Thursday, March 24, 2011

They're baaaaaaaack.... Elizabeth and Jessica Wakefield

Recently, Blogger extraordinaire Stephanie Faris posted about young adult Novels. This got me thinking of my very favorite: Sweet Valley High series. Oh how I loved those books. I started reading about them when I was about 11 or 12. I devoured them until I was about 14 or so. I just outgrew them. When I started to write this post, I did a little googling. (I love to Google) The last book I remember reading was the 25th installment in the series, “Nowhere to Run”, which came out in 1986. According to the Sweet Valley website, there are a total of 143 books, not including several “Special Editions”. Apparently I gave in to smut pretty early on. I passed on the first 25 novels to my younger cousin. She had just moved to Florida from Haiti and I just new she would love t hem as much as I did. Of course she did. I think I tried to read some of the Sweet Valley High College books, but by then I had moved on to Jackie Collins. Who cares what Liz and Jess are up to, if you can read about the antics of Lucky Santangelo? No contest.
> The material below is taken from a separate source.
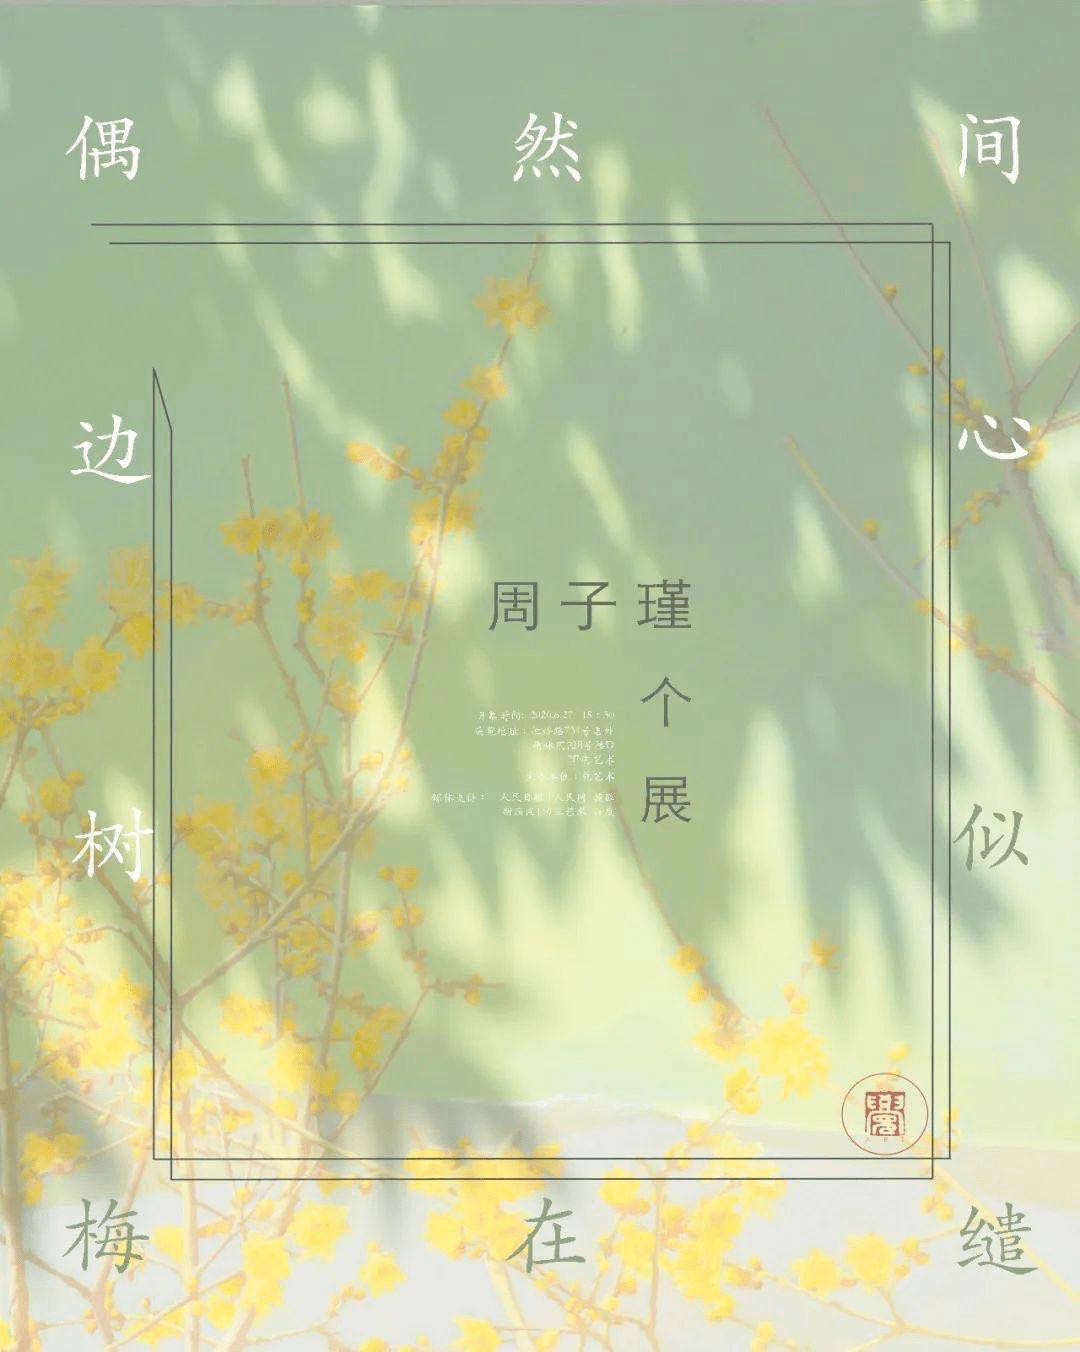 周子瑾个展——《偶然间,心似缱,在梅树边》在上海展出

Well kids, Francine Pascal is back. (Apparently she never really went away, I just stopped reading her) And so are Jessica and Elizabeth. Sweet Valley Confidential: Ten Years Later is coming out (in hard cover—no less) on March 29, 2011. I won’t lie to you I am getting this book. This takes place 10 years after they have graduated High School and they are now in their late 20’s. Yes, yes, I am well aware that I am hurtling towards 40 at an alarming rate; however I am totally up for this book.
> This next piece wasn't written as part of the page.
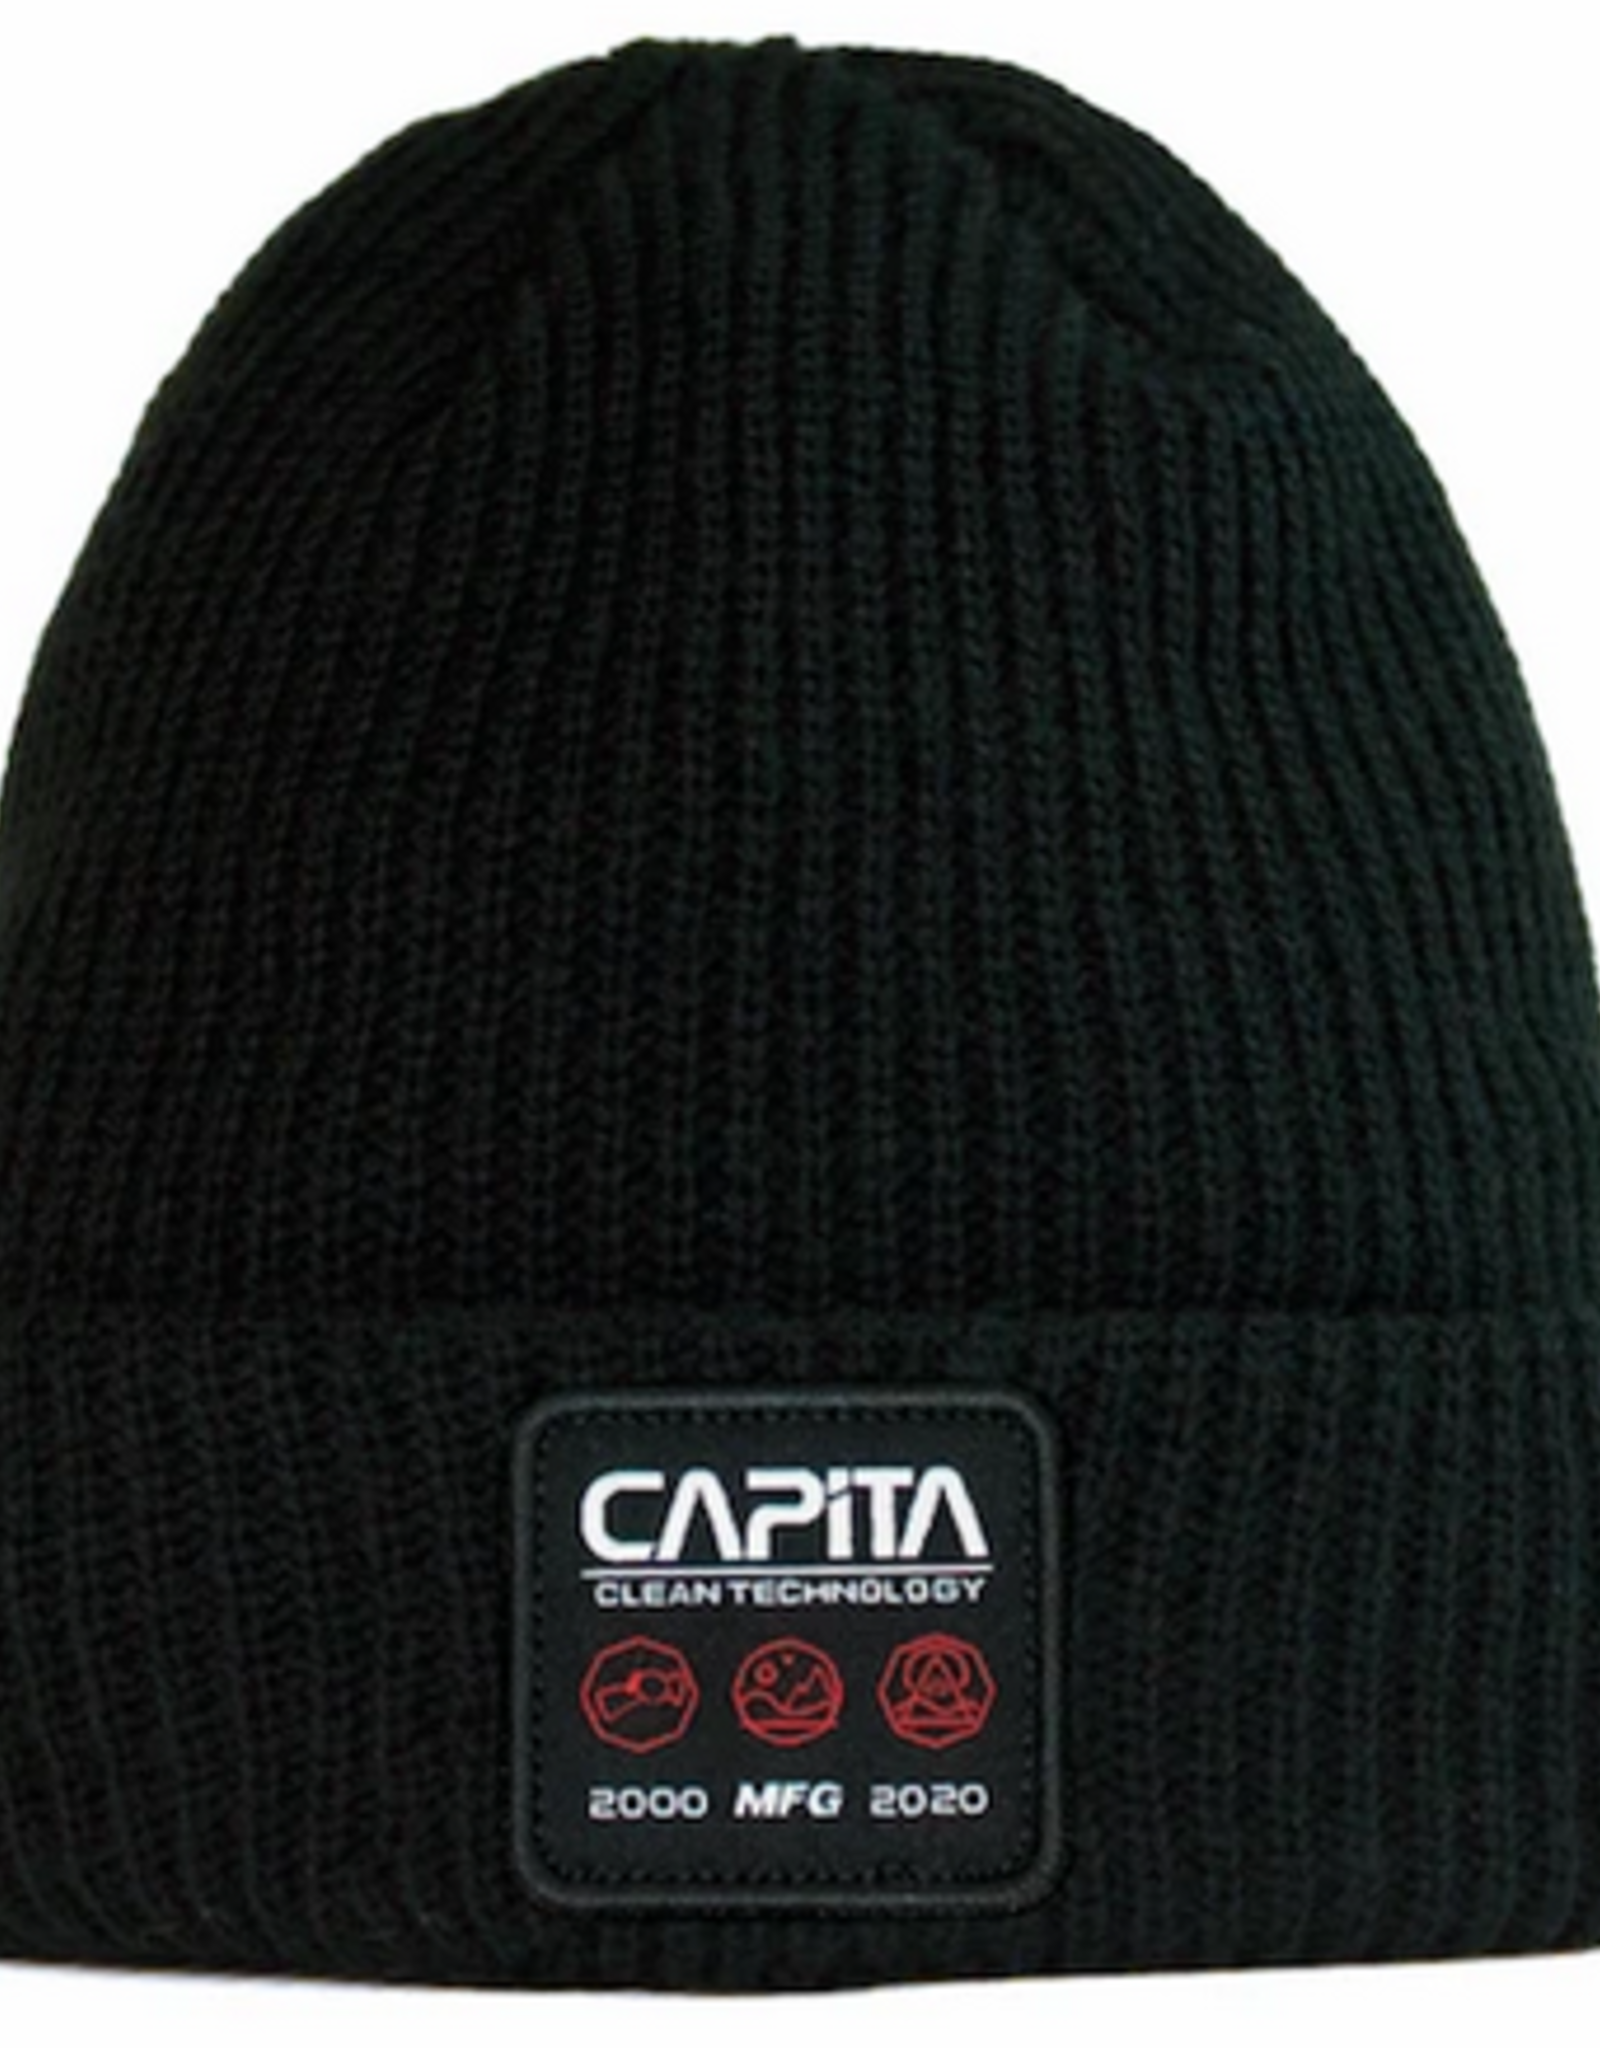 CAPITA CAPITA CLEAN TECH BEANIE BLACK

According to the Daily Beast, there is sex in this one. Does Liz finally have sex with Todd? If memory serves, I think Todd had come back to live in Sweet Valley. He had moved to Vermont, Dad got a big job. (insert dramatic sigh here)

My problem, with reading teen novels as an adult, is that I keep thinking, just do it already. But as mentioned in (Sometimes it's ok to give in to the trash) young men and women shouldn’t just do it already. Sex is not a Nike slogan. They should wait until they are ready. Then just do it very carefully. With condoms. I suppose the more important question is why am I reading Teen or Tween novels? (Shrugs) Some things become part of popular culture and there is such chatter about them that you just sort of cave.

So help me, that’s what happened with me and Harry Potter. I may recycle a post I wrote about that. My obsession with HP is epic, and it concerns my friends and family.

At any rate, I am looking forward to reading about Jessica, Liz and the old gang from Sweet Valley.

Wednesday, March 23, 2011

La Liz...

Elizabeth Taylor died today. And I feel… a way about it. Not really devastated or anything. But more like… it’s the end of something. The end of an era. (I don’t like that phrase, it is clichĂ© and kind of boring, but it fits.)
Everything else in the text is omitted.